Готовые качели я с соседом Сашей на его КРАЗе привёз в посёлок, краном сгрузил недалеко от нашего дома и сразу установил. Игорюхе такая «игрушка» очень понравилась. Массивная люлька долго раскачивалась, но если уж раскачалась, то останавливалась с большим трудом. Конструкционная особенность позволяла на этих качелях крутить даже «солнце», что особо отчаянные мальчишки иной раз делали. Картина, конечно, жутковатая.
Зимой особо желающих кататься не находилось, а весной 1984 года вокруг качелей опять закучковалась детвора. Вскоре мы уехали на всё лето в отпуск. Когда приехали, то нарвались на грандиозный скандал. Случилось вот что. Как-то местные мальчишки придумали игру: раскачавшись на качелях, стали прыгать с них по принципу — кто прыгнет дальше, тот и победитель. Допрыгались: сын Алексея Исаева (экскаваторщика ПСО) сломал ногу. Дети есть дети. Потом качались девчушки, одна из них (дочь художника ПСО Геннадия Гагарина) или вещицу какую уронила вниз, или что-то не рассчитала — полезла под качели, когда люлька находилась в раскачке, и ей перешибло нос. Крови, говорят, было — страшно смотреть. Кто виноват? Конечно, хозяин качелей.

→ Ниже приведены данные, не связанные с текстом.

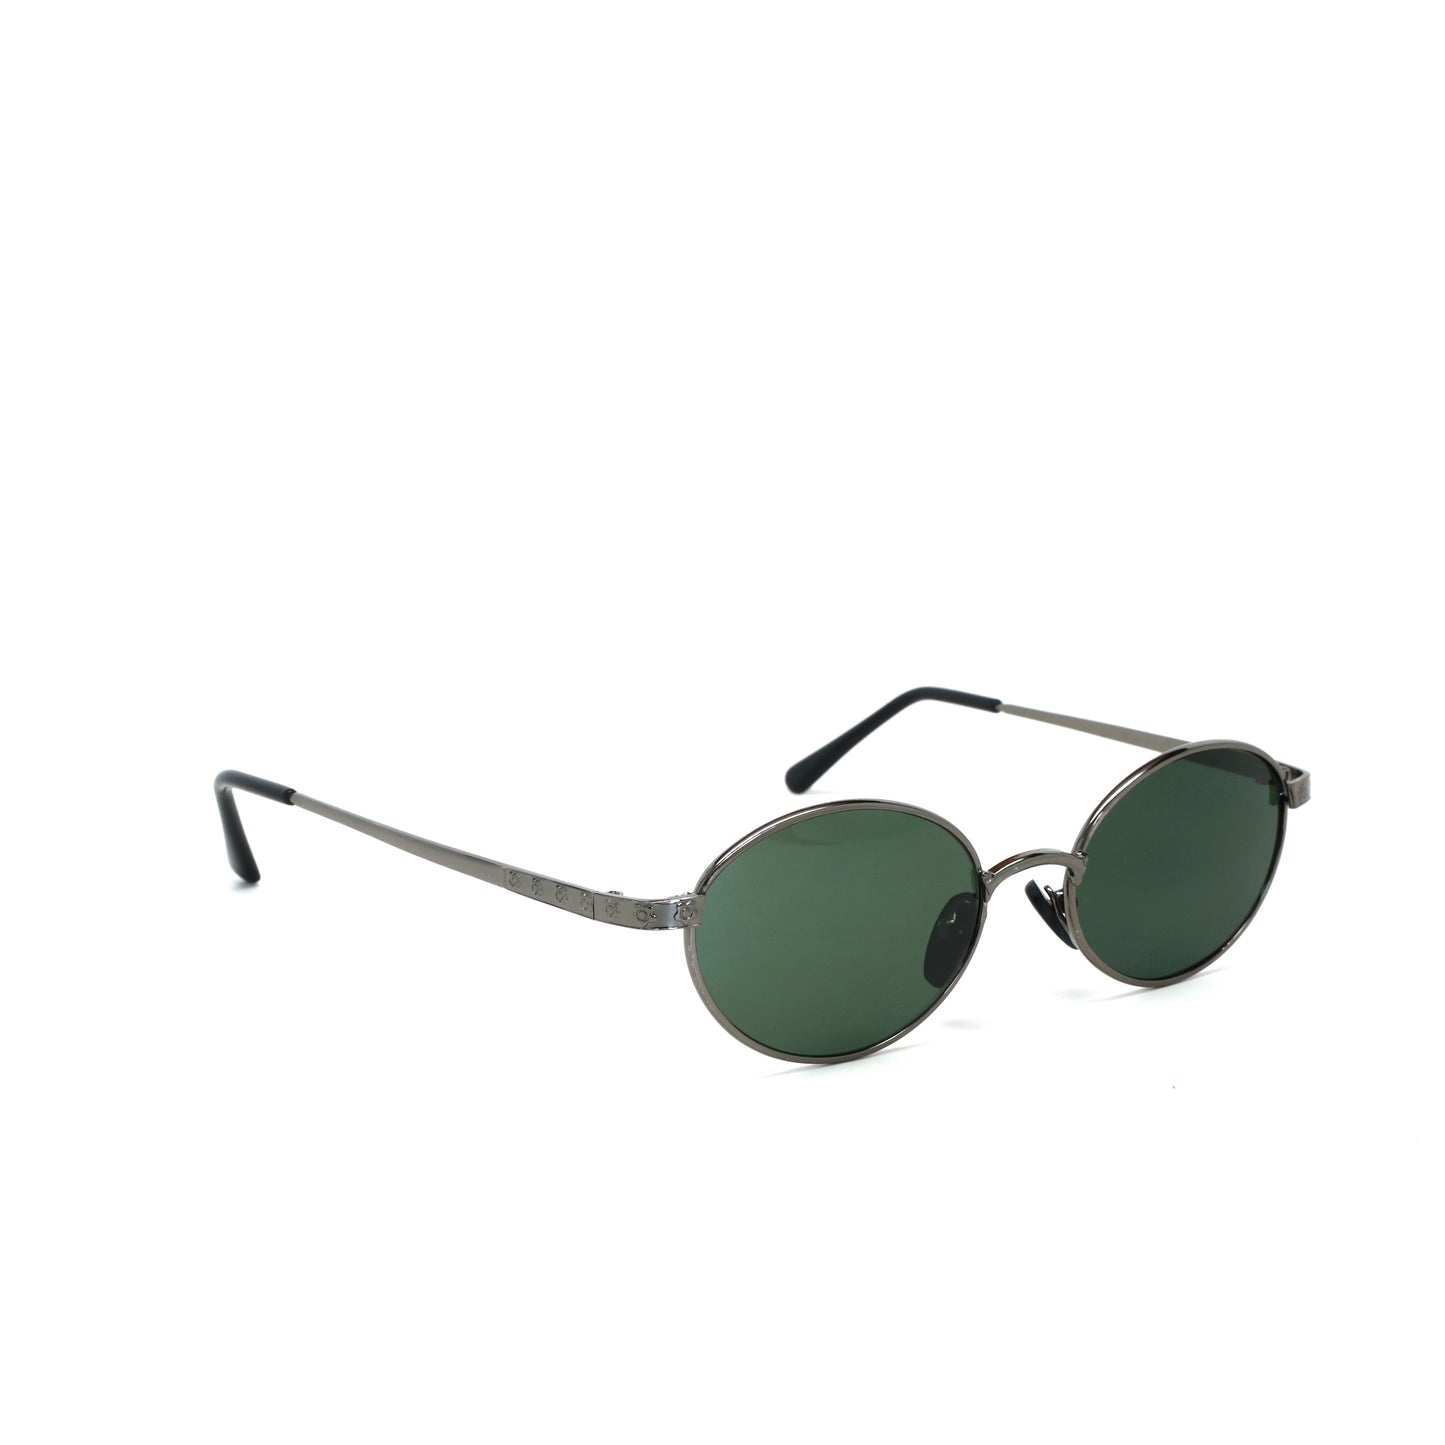 Vintage MINI Small Size 1996 Neo Standard Oval Frame Sunglasses - Grey

Когда мы приехали из отпуска, родители потерпевших детей прибежали к нам и чуть не с кулаками набросились на меня, при этом кричали: «Мы тебя отдадим под суд» (я тогда ещё был народным заседателем). Я поначалу растерялся, дело серьёзное. Потом немного пришёл в себя и говорю: «Качели мои, признаЮ, но сделал я их для своего сына. А то, что кто-то на них качался, когда я был в отпуске, ответственности не несу, надо было смотреть за своими детьми. Мой сын, как видите, здоров, потому что качается в моём присутствии». И ещё говорил им что-то подобное. Отстали. Но это ещё не всё. Уже ближе к осени приезжаю с работы и чувствую, что на территории у дома чего-то не хватает. Ба! Нет моих качелей. Вижу, что от того места, где они стояли, как после плуга тянулся по песку свежий рыхлый след. Я не расстроился. Позже узнал, что это Исаев трактором «Беларусь» утащили моё изделие на городскую свалку. Долго, говорят, там лежала странная исковерканная конструкция.